You can reference **multiple issues** in one PR. `Closes MUL-1, MUL-2` links the PR to both, and merging it advances both to `Done`.
## The auto-merge-to-Done rule
When a PR's `merged` field flips to `true`, every linked issue is evaluated:
| Issue current status | Result |
|---|---|
| `done` | No change (already terminal). |
| `cancelled` | **No change** — cancelled means the user explicitly abandoned the work; the integration does not override that signal. |
| Anything else (`todo`, `in_progress`, `in_review`, `blocked`, `backlog`) | Moved to `done`. |
Closing a PR **without** merging it only updates the PR card's state to `Closed`. The linked issues stay where they were — the user is the one who decides what closing-without-merge means.
<Callout type="info">
The action is attributed to the `system` actor on the timeline. Subscribers of the issue receive an inbox notification for the status change, the same way they would if a human had moved it.
</Callout>
## What's not auto-linked
- **Identifiers in commit messages** — only branch / title / body are scanned. A commit titled `MUL-123: fix login` does not auto-link unless the same string also appears in the PR title or body.
- **Identifiers in PR comments** — only the PR's own metadata is scanned; later GitHub comments are ignored.
- **PRs in repos the App isn't installed on** — without the App, Multica never receives the webhook.

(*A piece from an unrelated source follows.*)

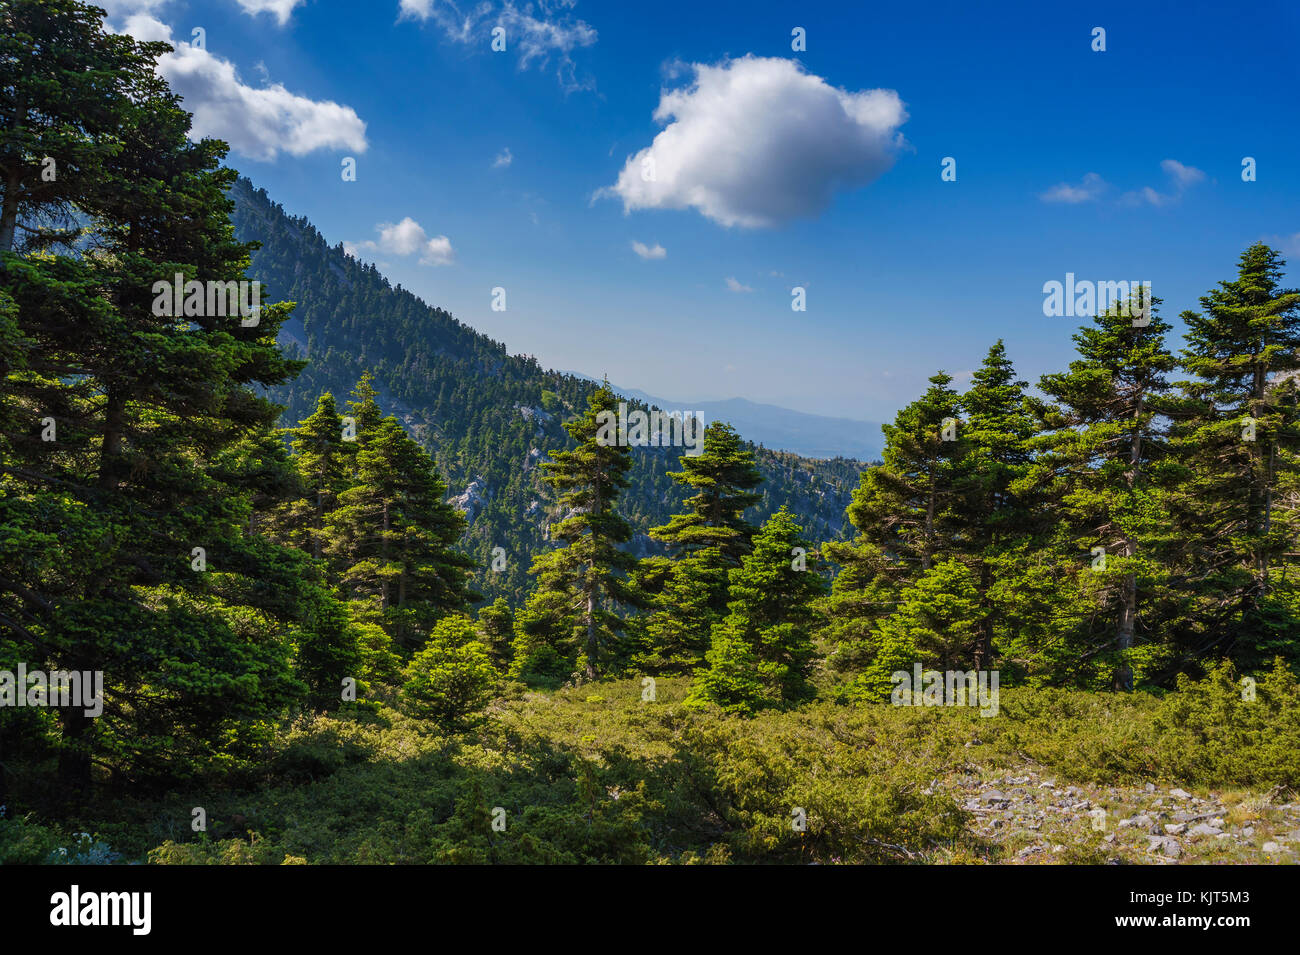 The famous Dirfys (or Dirfi) forest. It is a natural forest located on a mountain in the central part of the island of Euboea, Greece at 1,743 m. Stock Photo

- **Manually linking a PR to an issue** — there is no UI for this yet. If your team's convention puts identifiers in a place Multica isn't reading, add them to the PR title or body.
## Disconnecting
In **Settings → Integrations** there is no installation list — you manage existing installations from GitHub directly:
- **From GitHub** — uninstall the Multica GitHub App at `https://github.com/settings/installations` (personal) or `https://github.com/organizations/<org>/settings/installations` (org). Multica receives the `installation.deleted` webhook and drops the row in real time; any open Settings tab updates without a refresh.
- **Disconnect from inside Multica is admin-only** — the Settings card is hidden for non-admins.
After disconnect, mirrored PR rows stay in the database so historical issue sidebars still show what was linked, but no new webhook events from that installation will be accepted.
## Permissions and visibility
- **Connect / disconnect** require workspace **owner or admin**. Members see the card description but no Connect button.
- The **Pull requests** sidebar on an issue is visible to anyone who can read the issue — same permissions as the rest of issue detail.
- The GitHub App requests **read-only** access to pull requests and metadata. Multica never pushes commits, comments, or status checks back to GitHub.
## Self-host setup
If you're running Multica on Multica Cloud, the integration is already configured — skip this section.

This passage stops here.